The comment in support of this proposal was: "I would like to replace it with this icon being more modern and slightly more accessible" by Manjiro5
As the template talk page is unlikely to get much traffic to comment on this, but the template is widely used, I am putting it out here on the VP for comment before we move forward with the edit request. Josh (talk) 17:33, 21 June 2024 (UTC)
Special:UncategorizedCategories is back over 1000 categories. If you can add appropriate parent categories to any of the many that have otherwise reasonable content, that would be very helpful. If you're not a admin, don't worry about the empty ones, one or another admin will eventually find those and delete them. - Jmabel ! talk06:05, 5 June 2024 (UTC)
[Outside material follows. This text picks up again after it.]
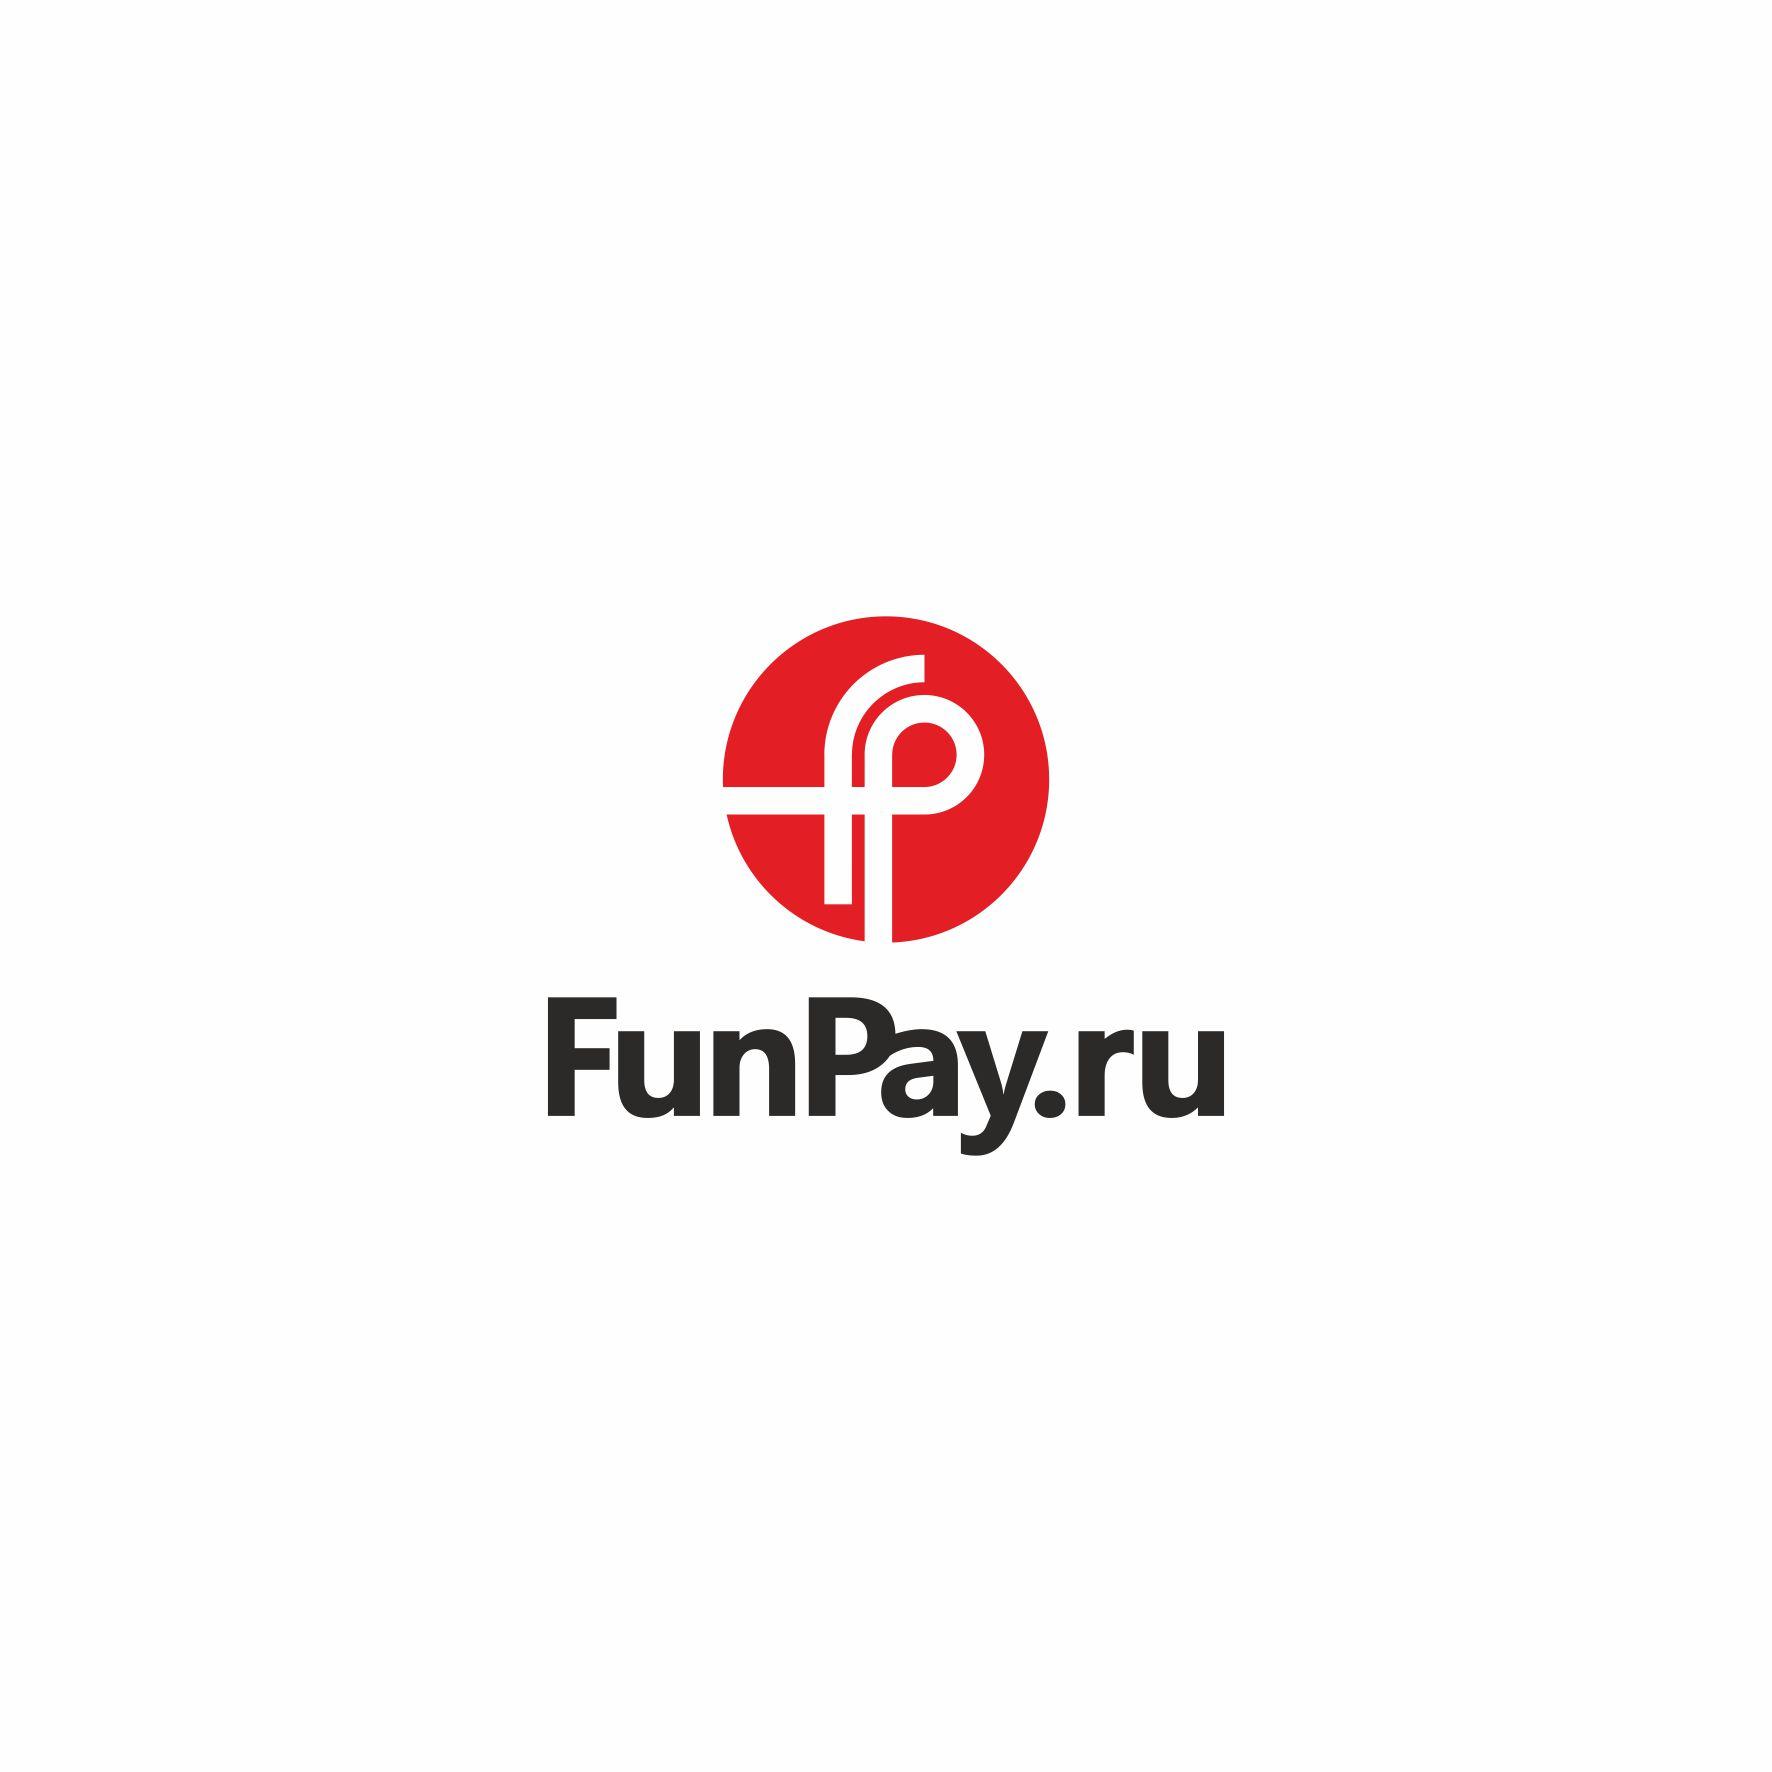 Логотип для FunPay.ru фото f_6635991ef9d6c162.jpg

Now up to 1165 categories. I have the feeling almost no one is addressing this. I've done literally thousands, probably over 5000, and while I still try to do 50 or so per week, that is not enough to keep up. - Jmabel ! talk17:53, 10 June 2024 (UTC)
@Jmabel: I did a few today and about once a month a small portion.
Question Is it a good idea to have the numbers next to the categories, like in other pages? Then you can see at a glance which are empty and not bother about them (for none admins like me) or to be able to remove them in quick succession (for admins). JopkeB (talk) 07:50, 15 June 2024 (UTC)
Wouldn't that be nice? As it is, in case you haven't noticed, you can hover over the link and see whether there are files in the category. - Jmabel ! talk14:56, 15 June 2024 (UTC)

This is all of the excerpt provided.